═══ THE DATA

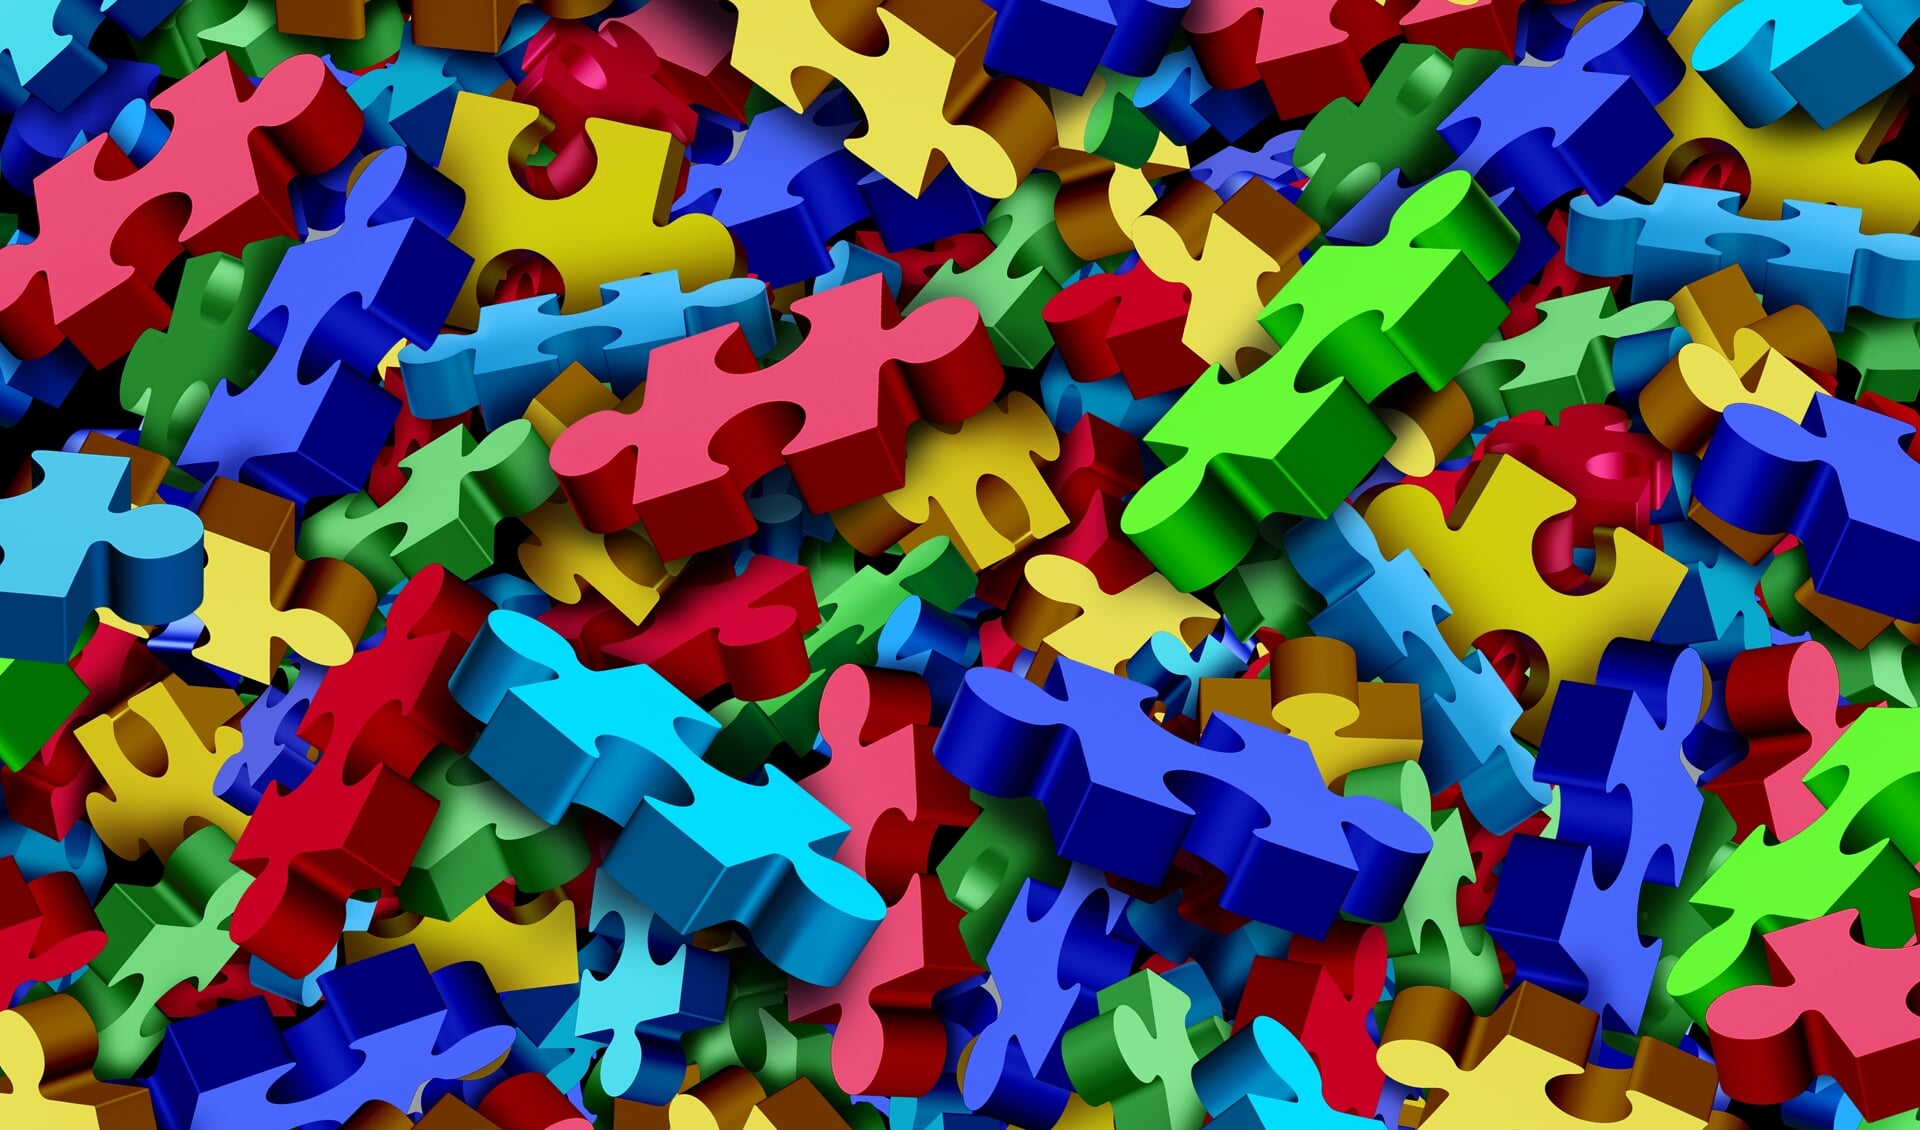 Autisme is een heel breed spectrum dat voor iedereen net even anders is. De inloopmomenten helpen om de puzzelstukjes op de juiste plek te leggen.
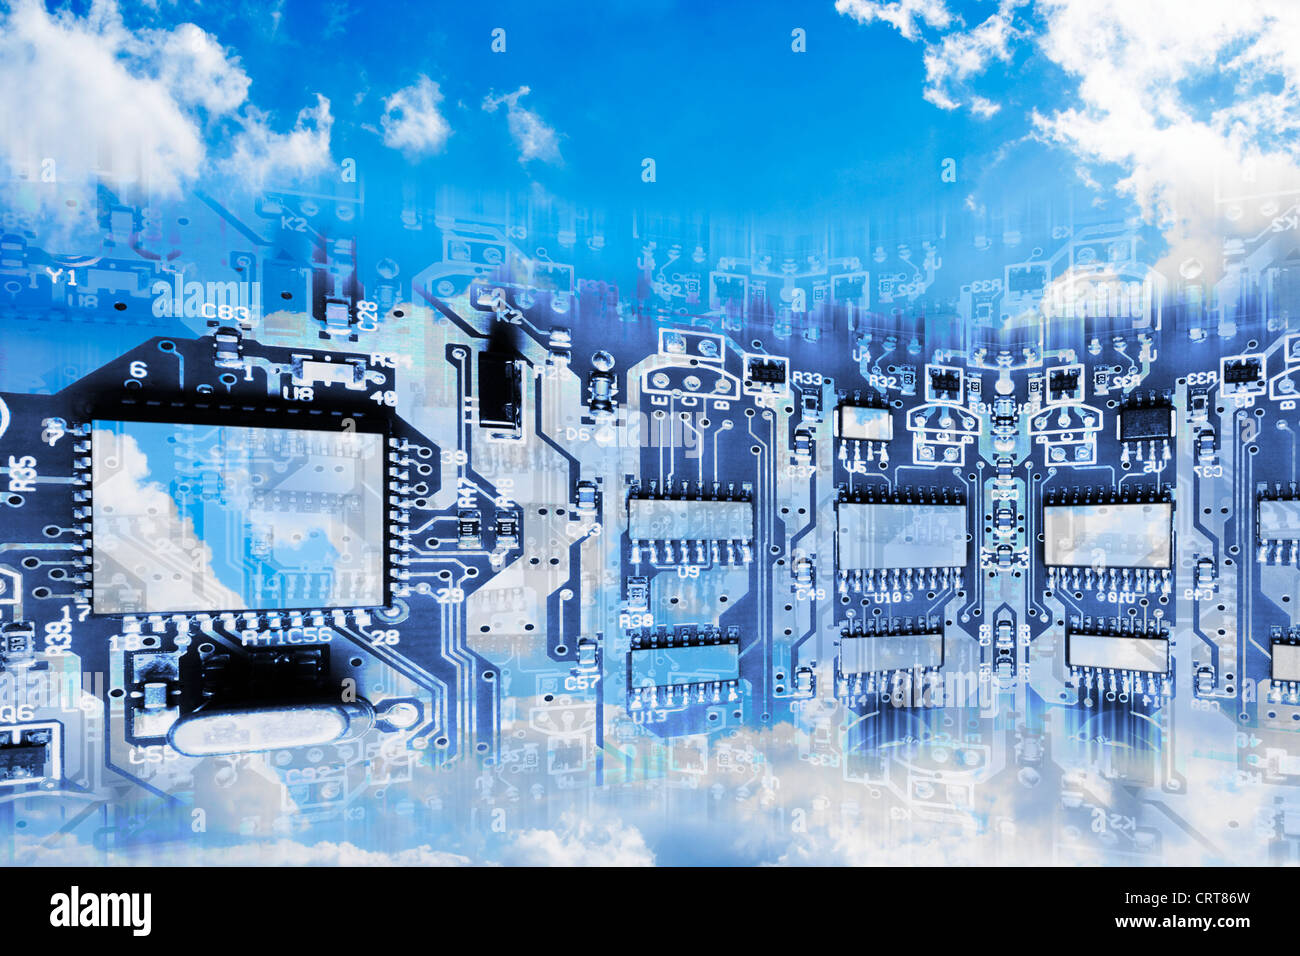 Platine überlagert bewölkten Himmel - Konzeptbild von Cloud Computing Stockfoto
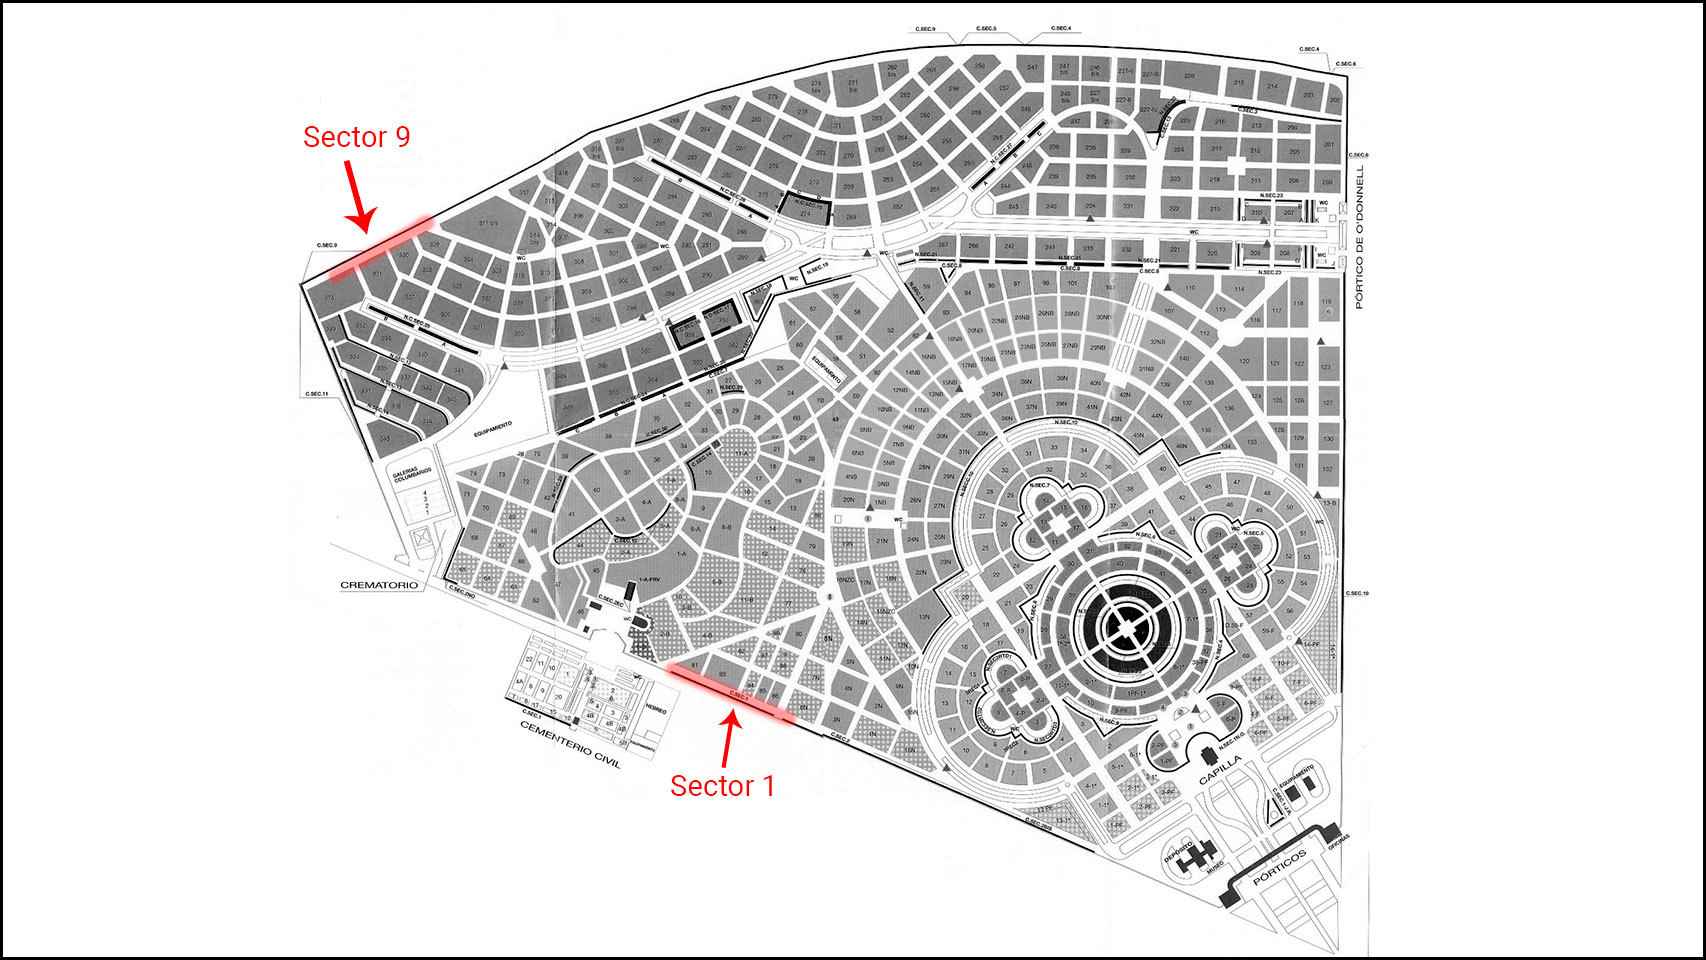 Los lugares en obras, señalados en el mapa de La Almudena.

══════

§ TASK INSTRUCTIONS
Your response must consist of the material above, reproduced word for word, with the images omitted.

§ TASK RESPONSE
 Autisme is een heel breed spectrum dat voor iedereen net even anders is. De inloopmomenten helpen om de puzzelstukjes op de juiste plek te leggen.
 Platine überlagert bewölkten Himmel - Konzeptbild von Cloud Computing Stockfoto
 Los lugares en obras, señalados en el mapa de La Almudena.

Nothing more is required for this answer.